Below this line are records; write out exactly the lines from the one containing "Die sprechenden Karden" through the one containing "Mino Maccari (Siena, 1924-Rom, 16.", with the pictures left out.

*Material for the task*
++++++++++++++++++++

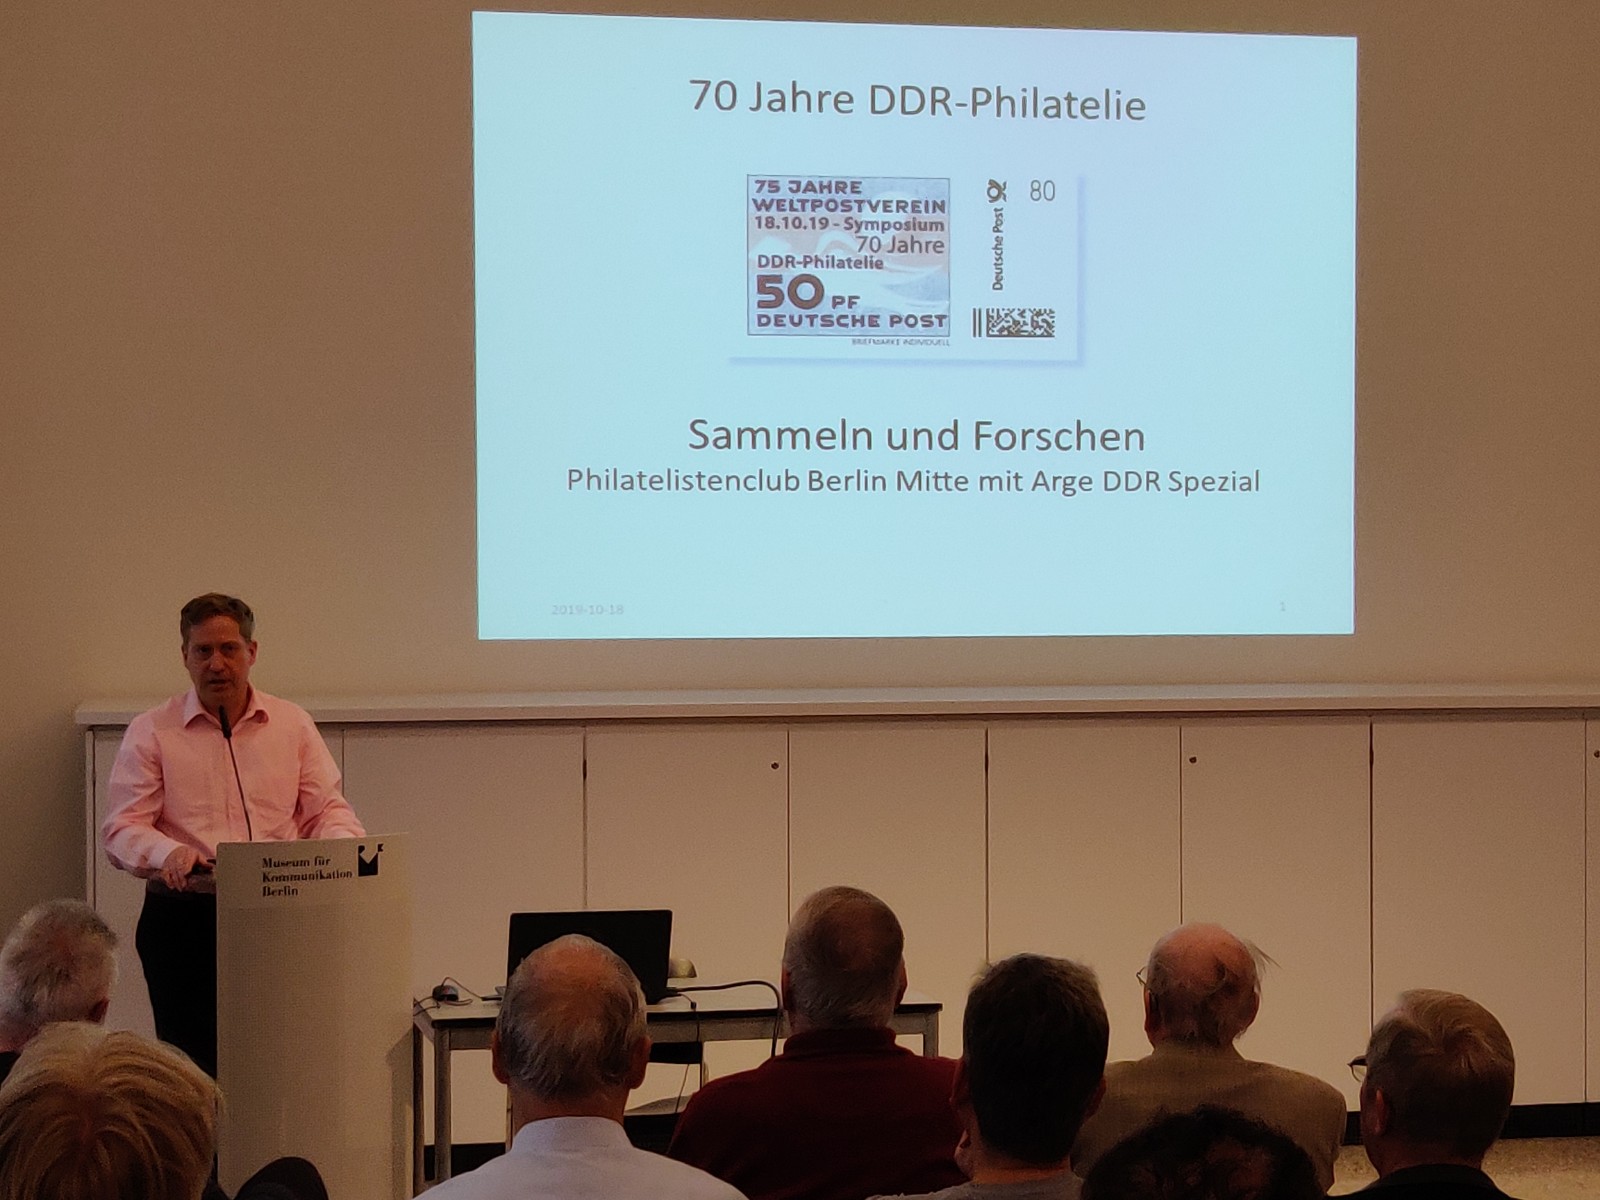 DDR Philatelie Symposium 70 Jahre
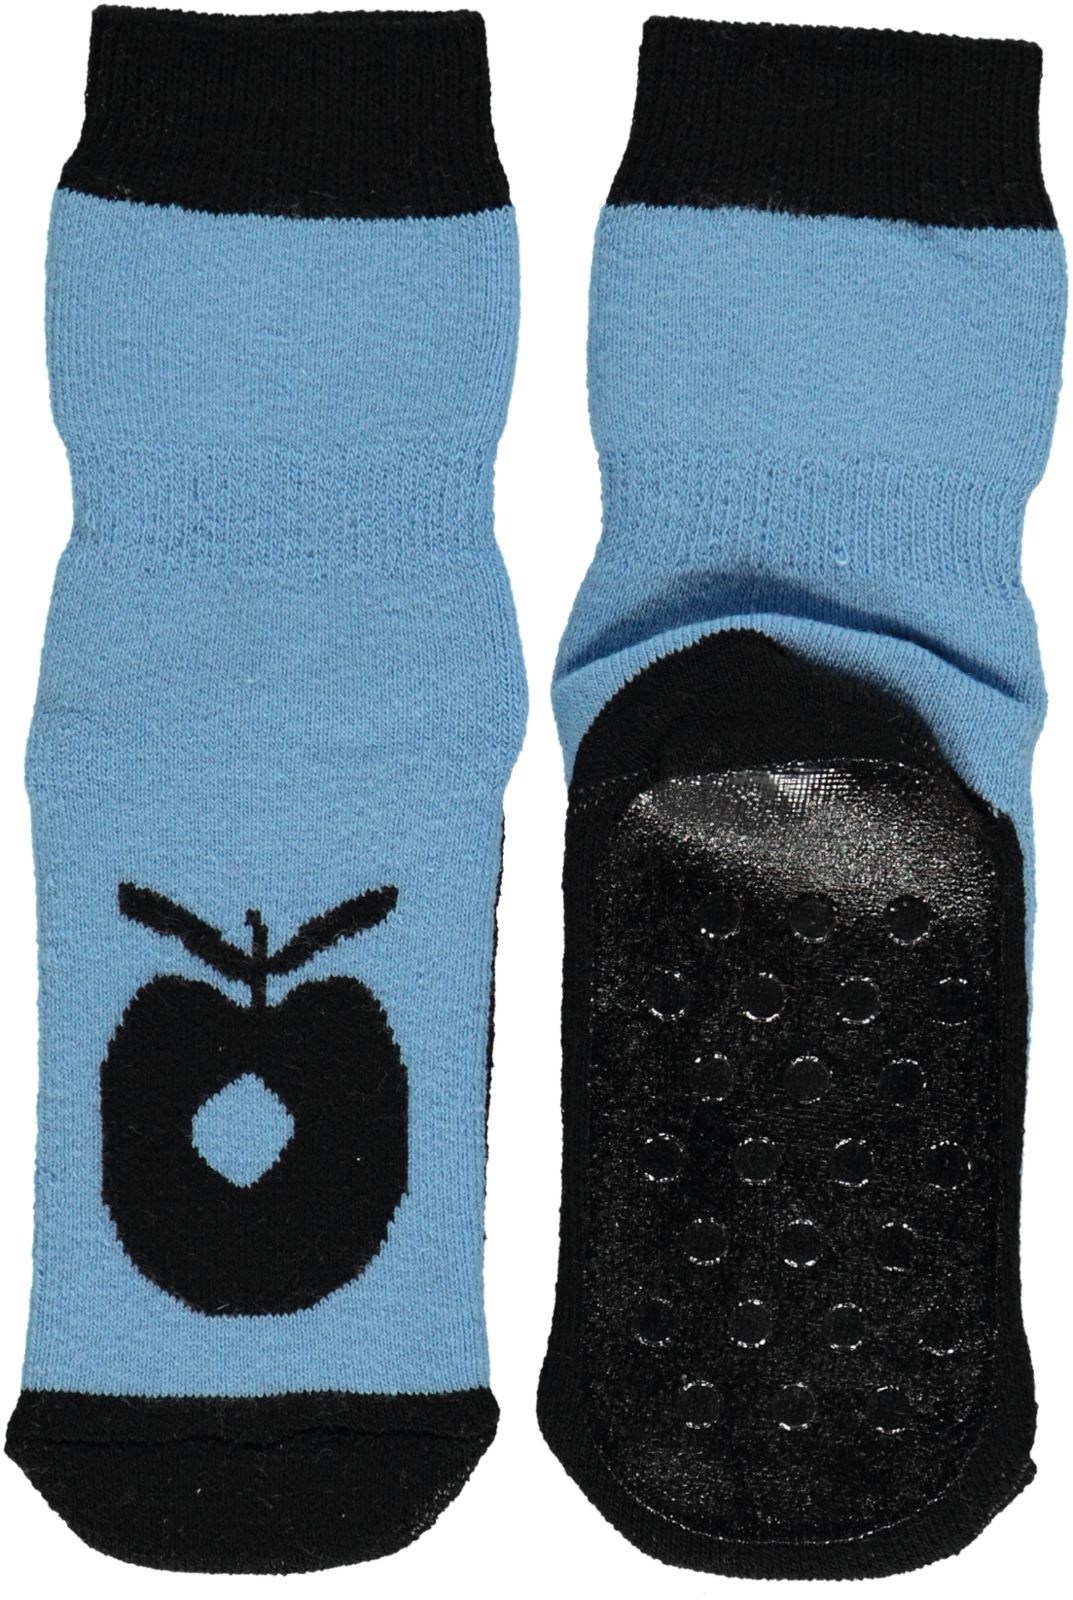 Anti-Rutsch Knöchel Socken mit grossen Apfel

++++++++++++++++++++

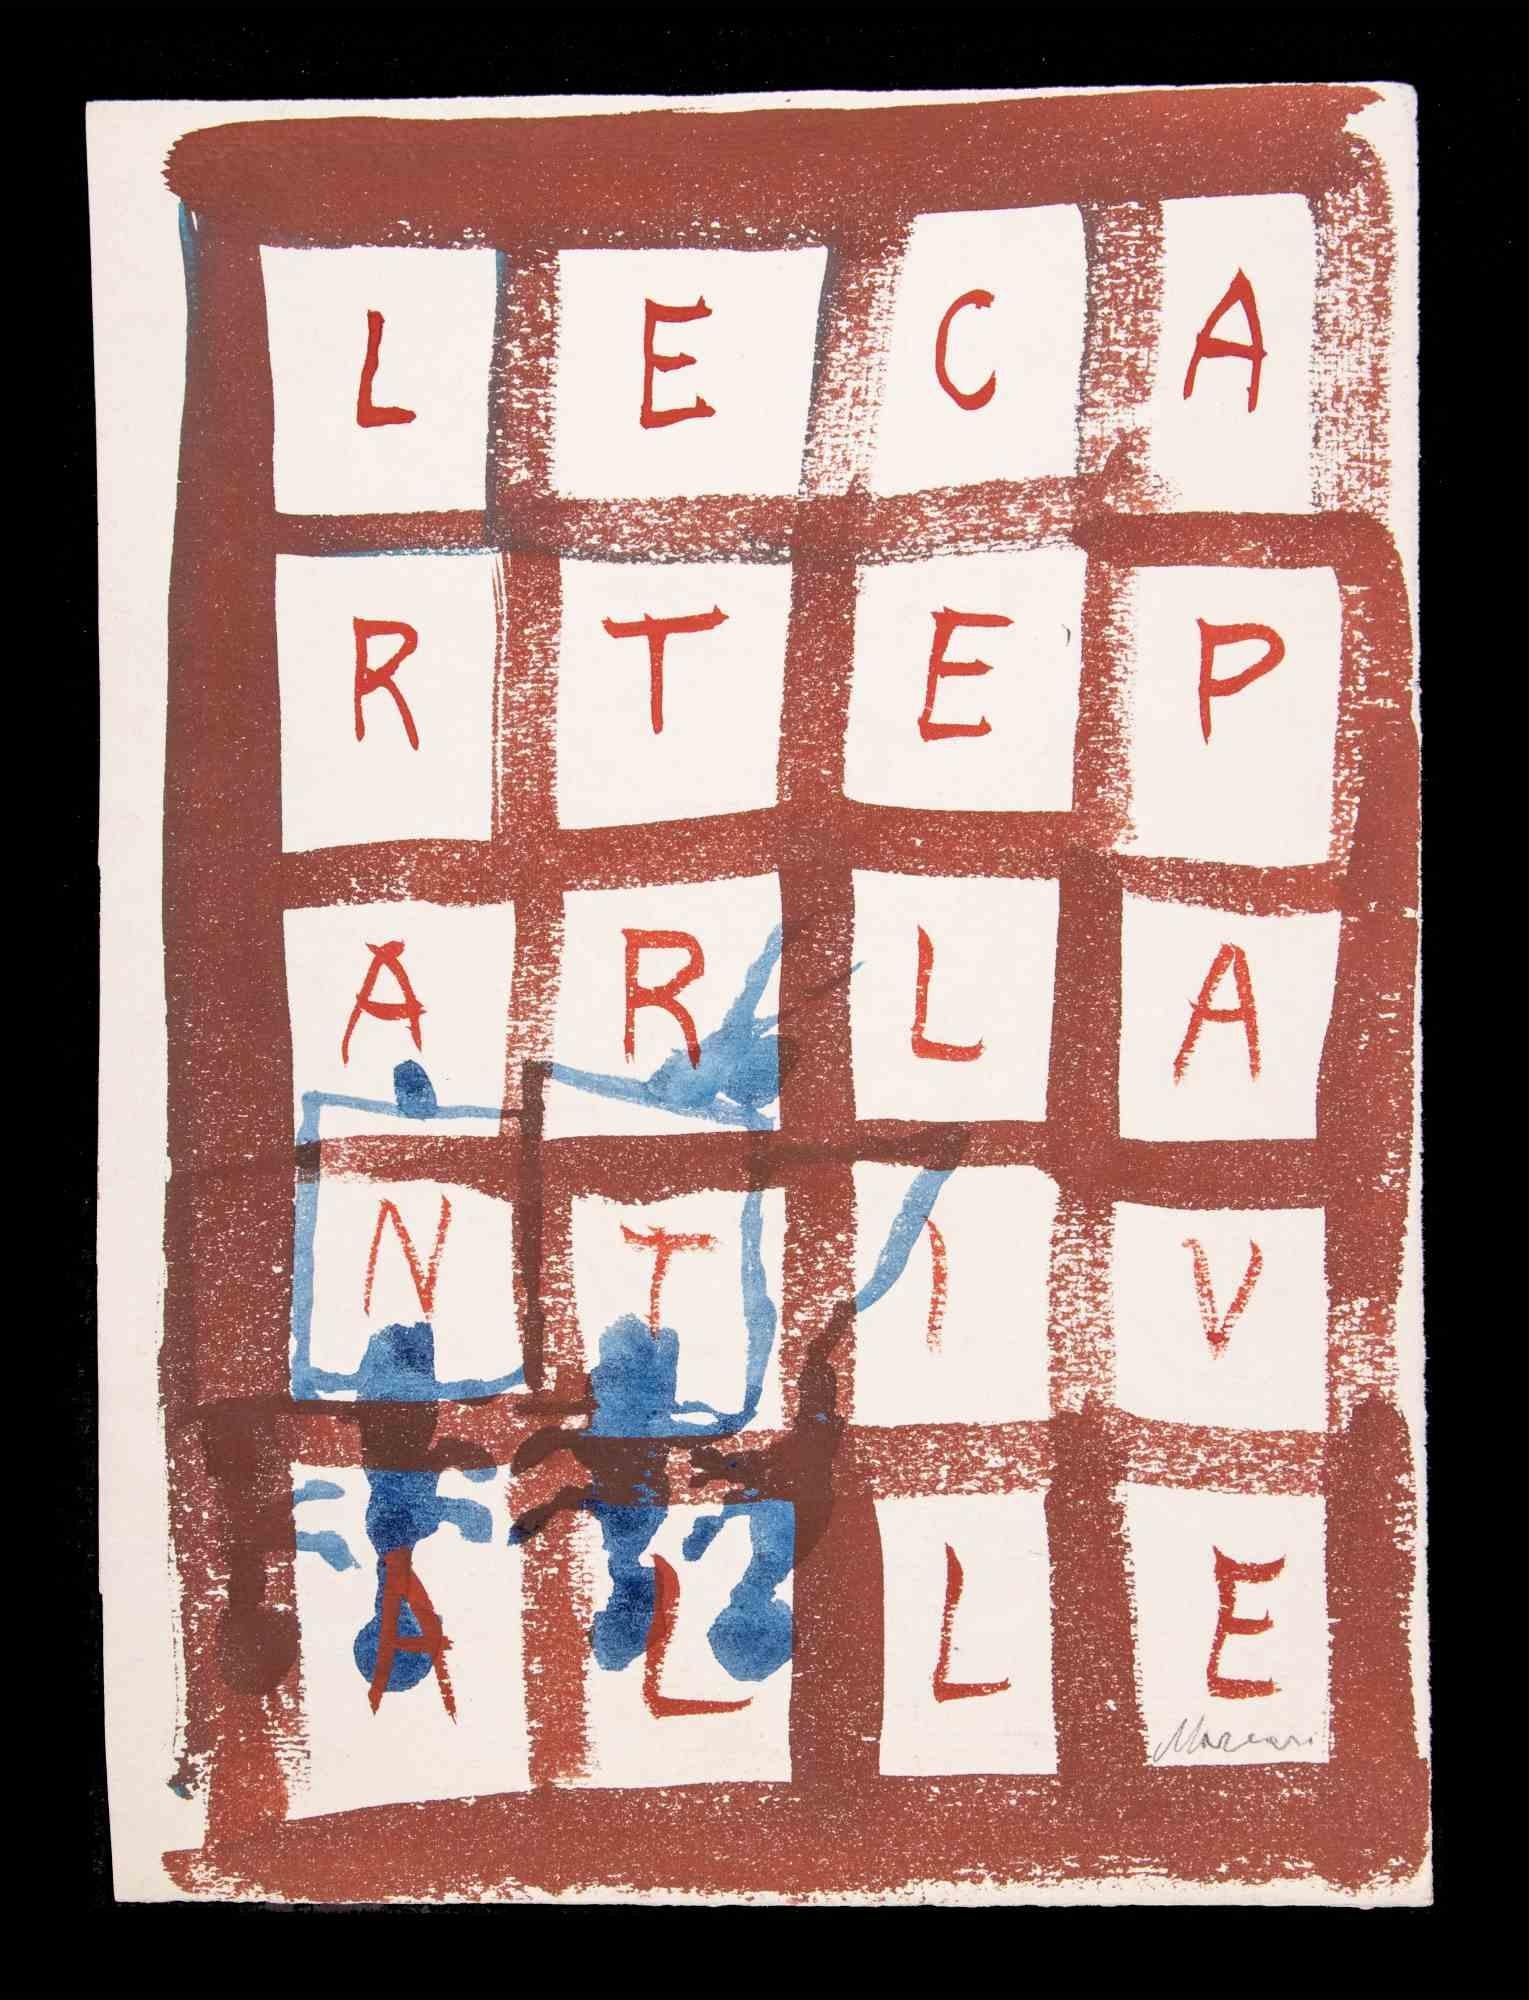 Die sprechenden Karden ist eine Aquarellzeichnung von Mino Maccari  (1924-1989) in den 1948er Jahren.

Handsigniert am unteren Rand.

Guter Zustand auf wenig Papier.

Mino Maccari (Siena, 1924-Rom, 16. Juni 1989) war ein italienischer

++++++++++++++++++++

*Response area*
 Die sprechenden Karden ist eine Aquarellzeichnung von Mino Maccari  (1924-1989) in den 1948er Jahren.

Handsigniert am unteren Rand.

Guter Zustand auf wenig Papier.

Mino Maccari (Siena, 1924-Rom, 16. Juni 1989) war ein italienischer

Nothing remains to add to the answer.